Here’s where I’m going to show what I did and how it fixed the problem but I want to make it clear that there may be better ways of doing this. I’m sure this time next year I’ll look back at this post and cringe and my ignorance but hey, we all have to start somewhere!
I added several relationships to the model, for example this Verb relationship to indicate that People end Journeys in Towns on Dates where Stop Type is “End”.
In this case the People column indicates the subject, the verb is “end” and the objects is the Journeys table. There is a prepositional phrase “in” to indicate that journeys end in towns. Journeys end on the date given in the Date column. The fact that a journey has ended is indicated by a condition that the Stop Type column contains the value “End”. The prepositional phrase, Time and Condition were added with the “Add to relationship” dropdown.

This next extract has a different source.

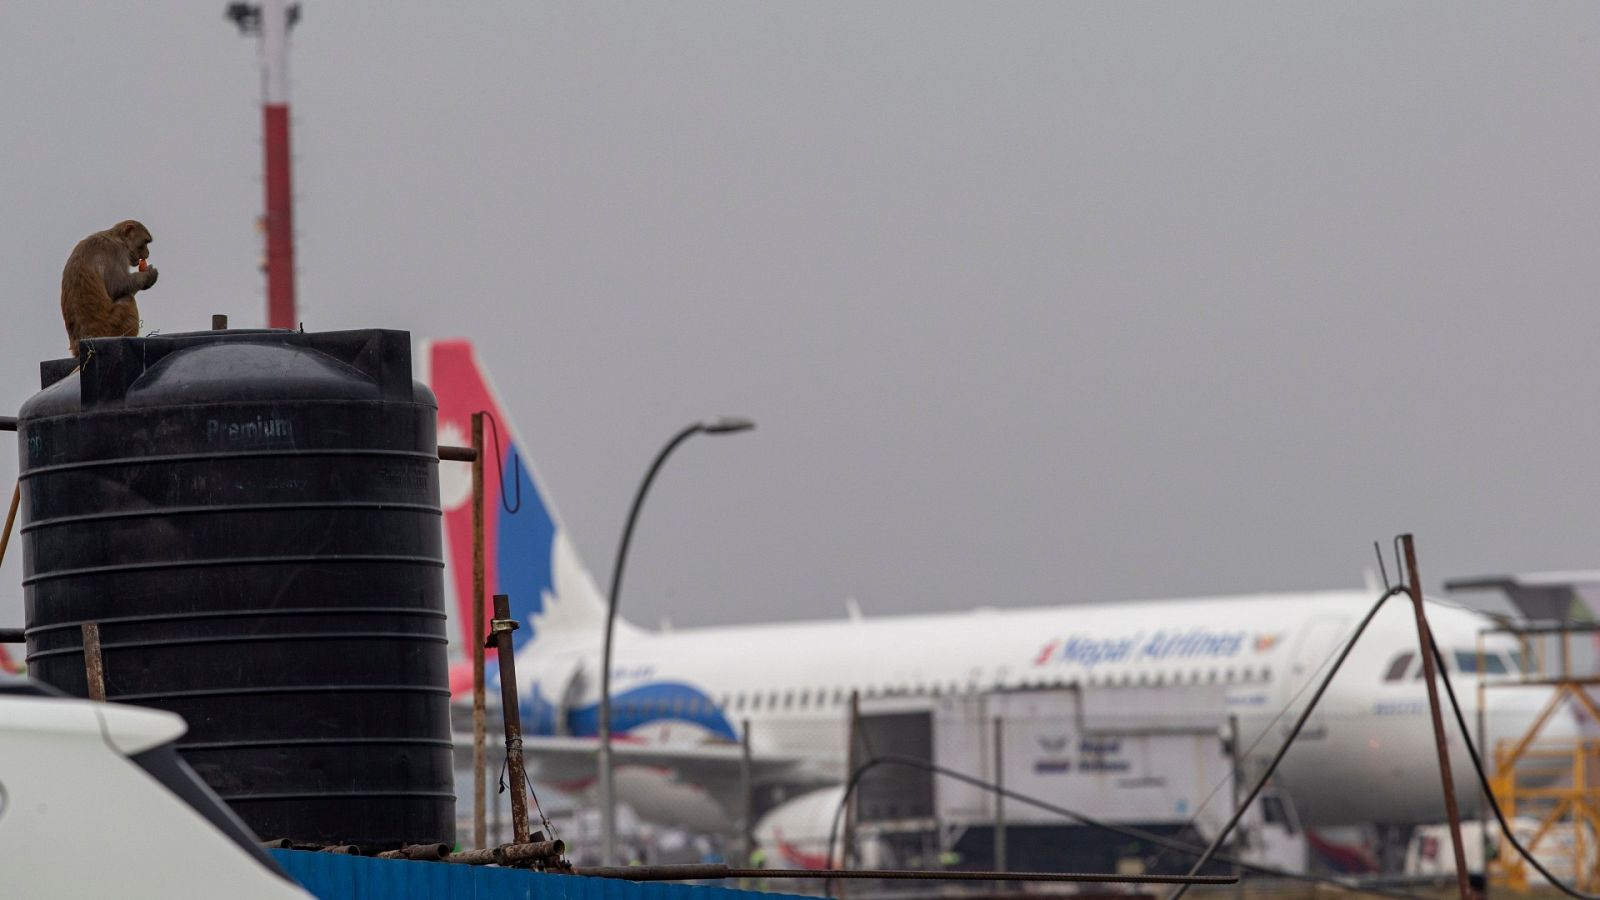 Imagen del aeropuerto de Nepal con un avión de fondo
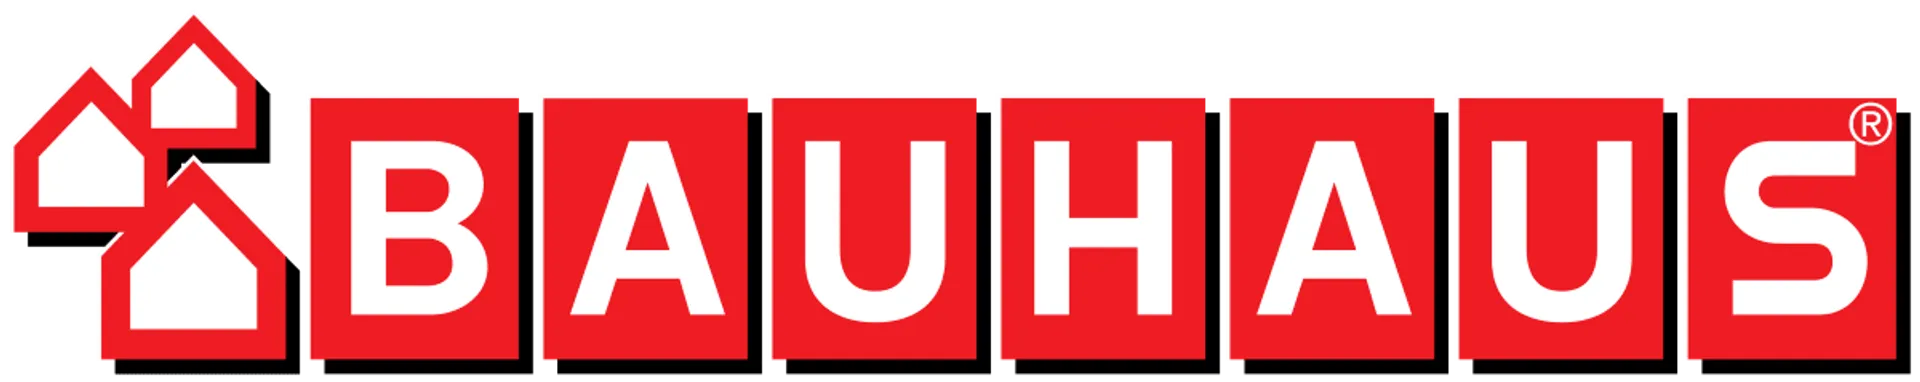 BAUHAUS logo de catálogo

After this I got the following, correct response to the prompt
Whose journeys ended in Glasgow?
Here’s another example. Consider the prompt:
Who passed through Birmingham?
The original model gives the following, reasonable response:
But let’s say that when we write “passed through” we only mean Stop Type = Call, so journeys like the one Chris made that start or end in Birmingham don’t count.
With the following relationship:
…you not only get the correct result:
…you can ask questions like:
Who passed through Birmingham and on which dates?
As you can see, the “Add to relationship” dropdown box adds even more ways to configure relationships and even more ways to tune Copilot. Knowing your English grammar and parts of speech is going to help a lot here – and this is something that may not come easily to someone working in tech. I like this kind of challenge though. Who knows, maybe the ability to set up a Linguistic Schema will be as important as the ability to write DAX for Power BI developers soon?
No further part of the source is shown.